PEN American Center will be in Geneva next week to press our concerns about free expression in Mexico, China, and Nigeria.

All three countries come under scrutiny this month as part of the United Nations Human Rights Council’s Universal Periodic Review process, which examines the human rights record of each UN member country every four years. Now in its sixth year, the UPR has become an vital mechanism for documenting and discouraging human rights violations around the world, and an important forum for PEN to focus international attention on countries where writers and journalists are especially at risk.

Very high on that list is Mexico, where forty-six journalists have been killed since 2006. PEN American Center has been protesting the violence against journalists in Mexico for more than a decade, and in 2012 we joined an international delegation to call for the federalization of crimes against journalists—crimes which previously went unsolved because they fell under state jurisdiction. The Senate voted to federalize the crimes, but the Mexican government has been slow to assert its new authority to investigate and prosecute attacks, as Freedom to Write director Larry Siems noted after a follow-up visit to Mexico earlier this year.

PEN’s UPR report, which was jointly submitted by PEN Guadalajara and PEN International, provides a sobering critique of the Mexican government’s failure to curtail the “censorship by bullet” in Mexico: at least 10 print and internet journalists were killed in 2012 alone and 90 percent of crimes against journalists are never solved. The report cites positive developments, including the creation of a special mechanism to protect human rights defenders that establishes institutions to receive formal complaints and administer security, but it notes that the office, like the office of the Special Prosecutor for Crimes Against Freedom of Expression, lacks adequate resources to carry out its work.

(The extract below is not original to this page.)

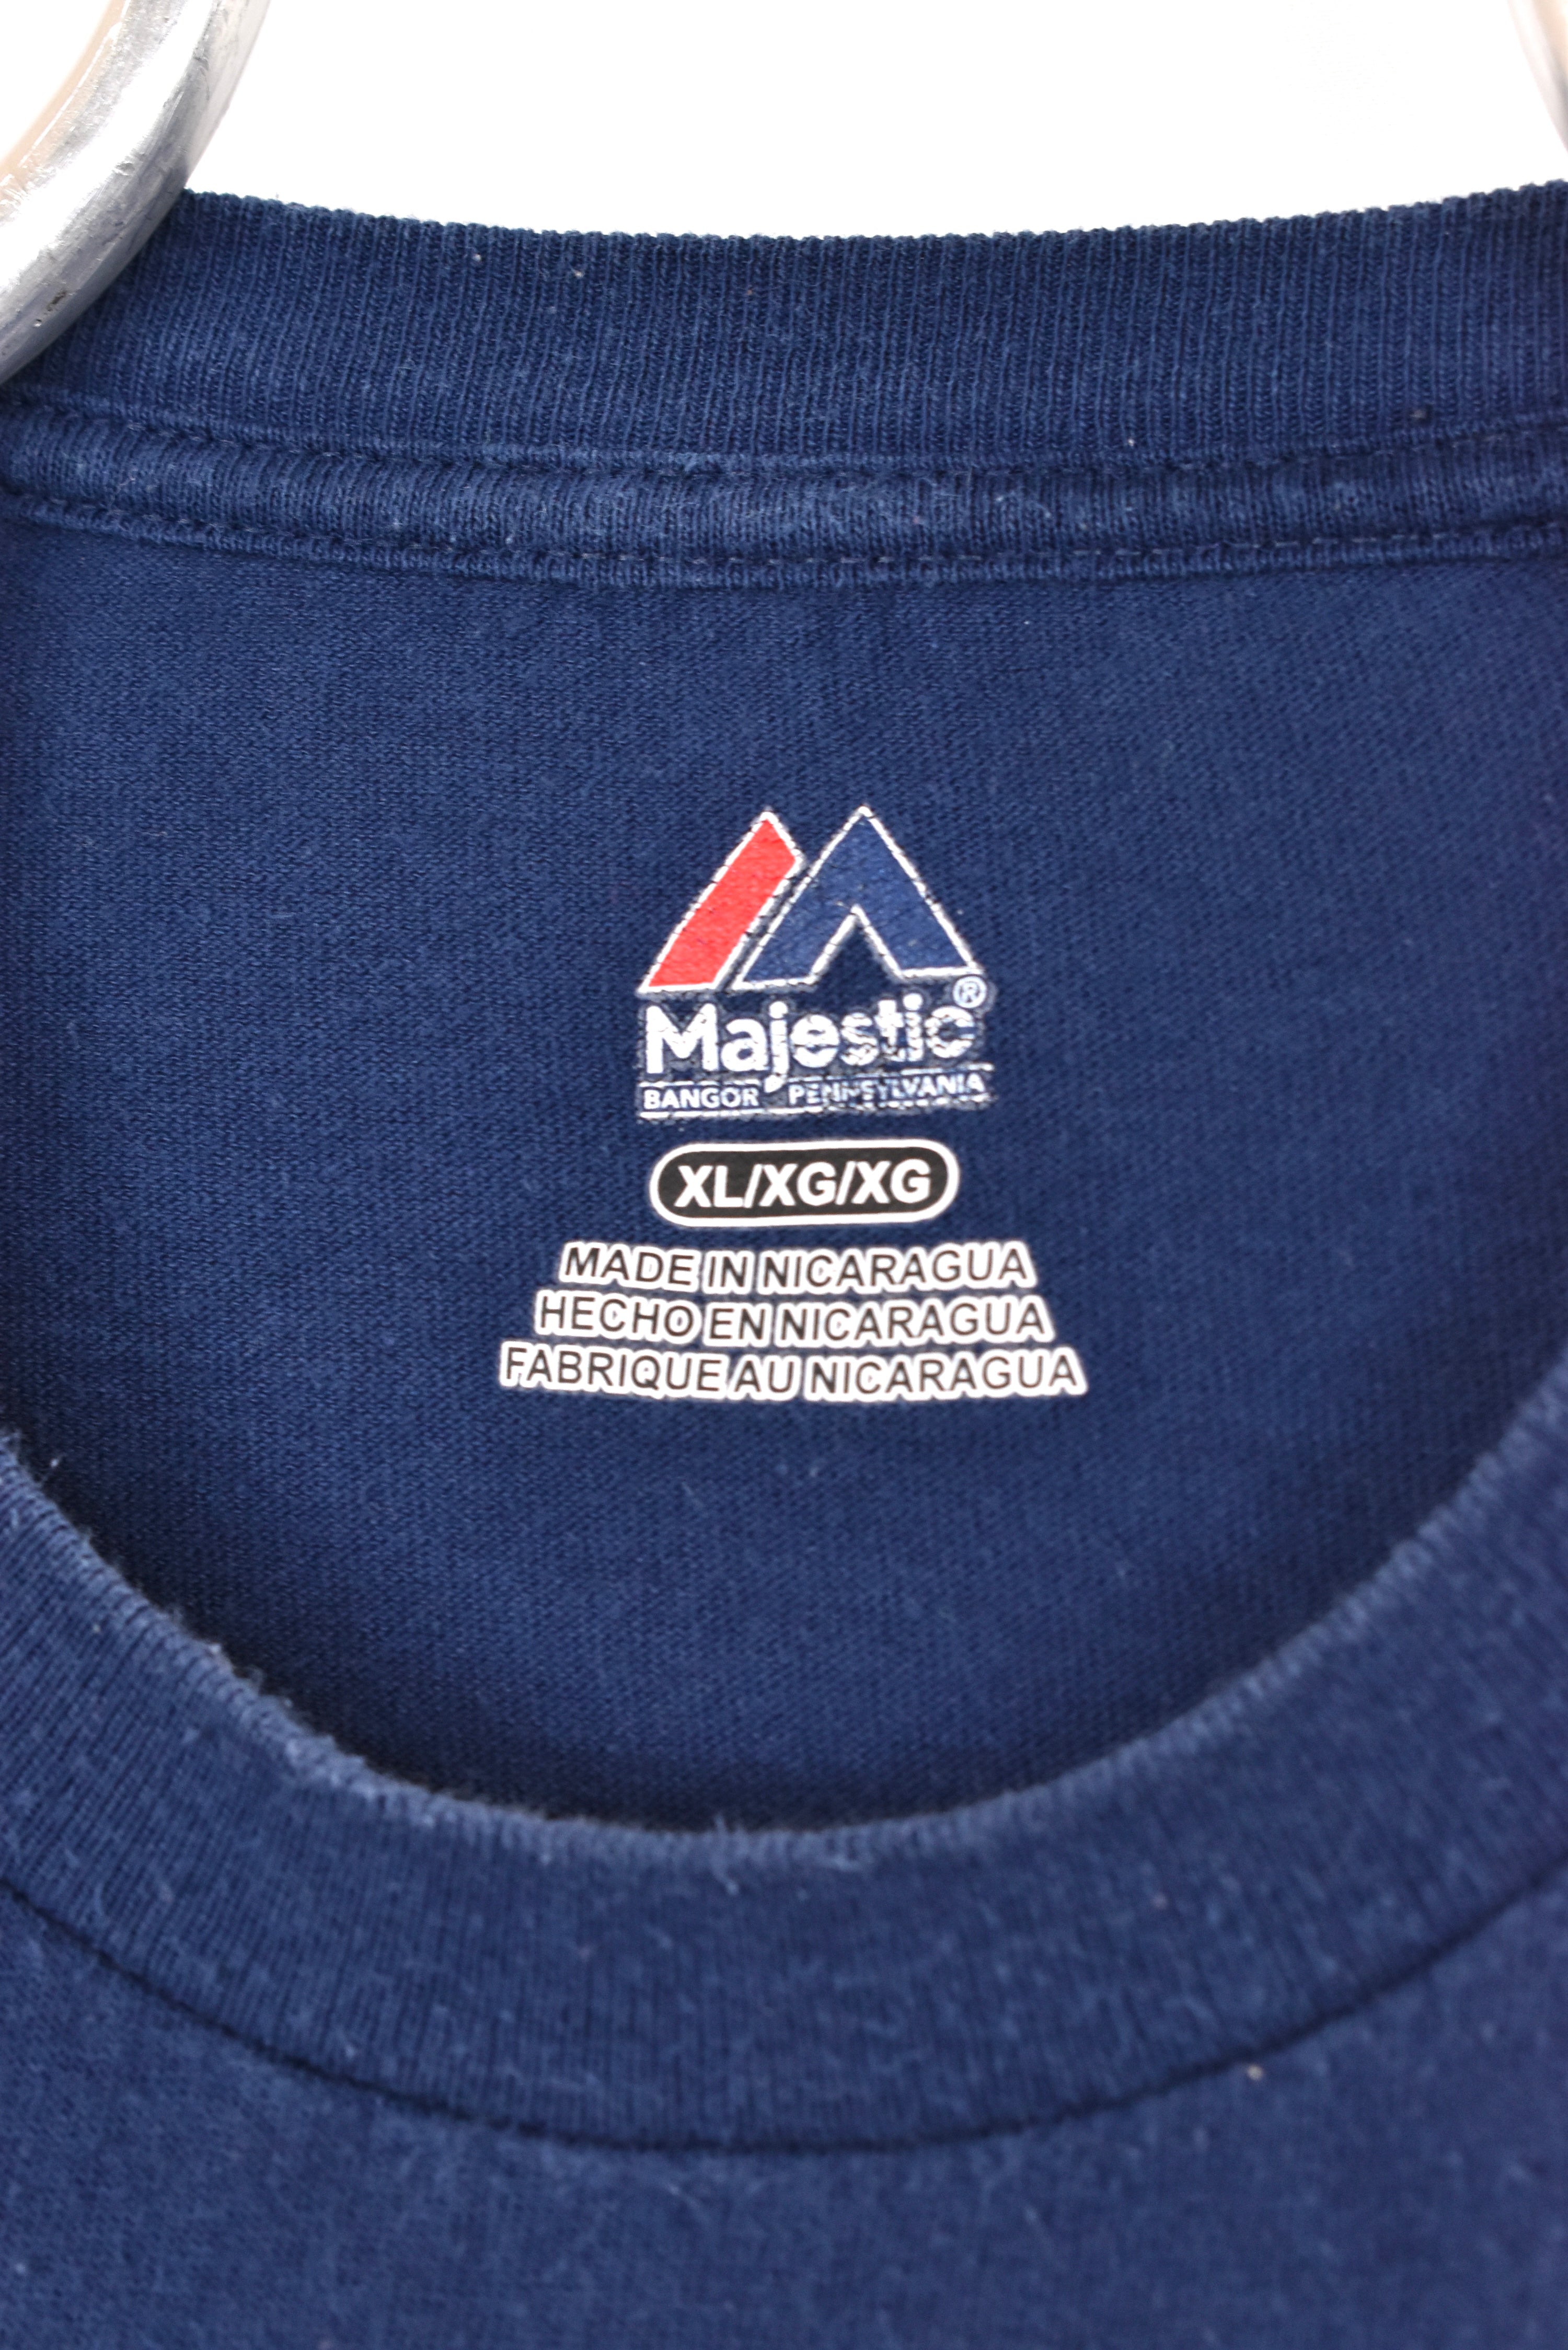 Vintage St. Louis Rams shirt, NFL navy blue graphic crewneck - AU XL PRO SPORT

Here are the full recommendations from PEN’s submission:

  • Ensure that the 46 murders and eight disappearances of writers and print and internet journalists that have taken place since December 2006, as well as any other unsolved murders and disappearances from previous periods, are properly investigated and the perpetrators brought to justice;
  • Make public information on the state of the investigations into the murders of writers Miguel Ángel Gutiérrez Ávila, Susana Chávez Castillo and Guillermo Fernández García;
  • Ensure that all allegations of attacks against writers and print and internet journalists carried out by government entities at any level are fully and promptly investigated as a matter of urgency;
  • Ensure that all necessary secondary laws are passed in order to implement fully the amendment to Article 73, Clause 21 of the Mexican Constitution enabling federal authorities to investigate and prosecute crimes against journalists and freedom of expression, including making the necessary changes to the Federal Penal Code, the Federal Code on Penal Procedures and the Organic Law of the Federation’s Judiciary;
  • Ensure as a matter of urgency that FEADLE is allocated sufficient financial, material and human resources in order to carry out its work;
  • Address criticisms of the current protection mechanism for journalists and human rights defenders in consultation with these groups, and release a breakdown of related spending to date;
  • Ensure that steps are taken towards the complete decriminalisation of defamation in all 32 Mexican states;
  • Ensure that the Article 33 Regulatory Law is enacted as a matter of urgency and to provide assurances that foreigners are not being expelled from Mexico in violation of their right to freedom of expression.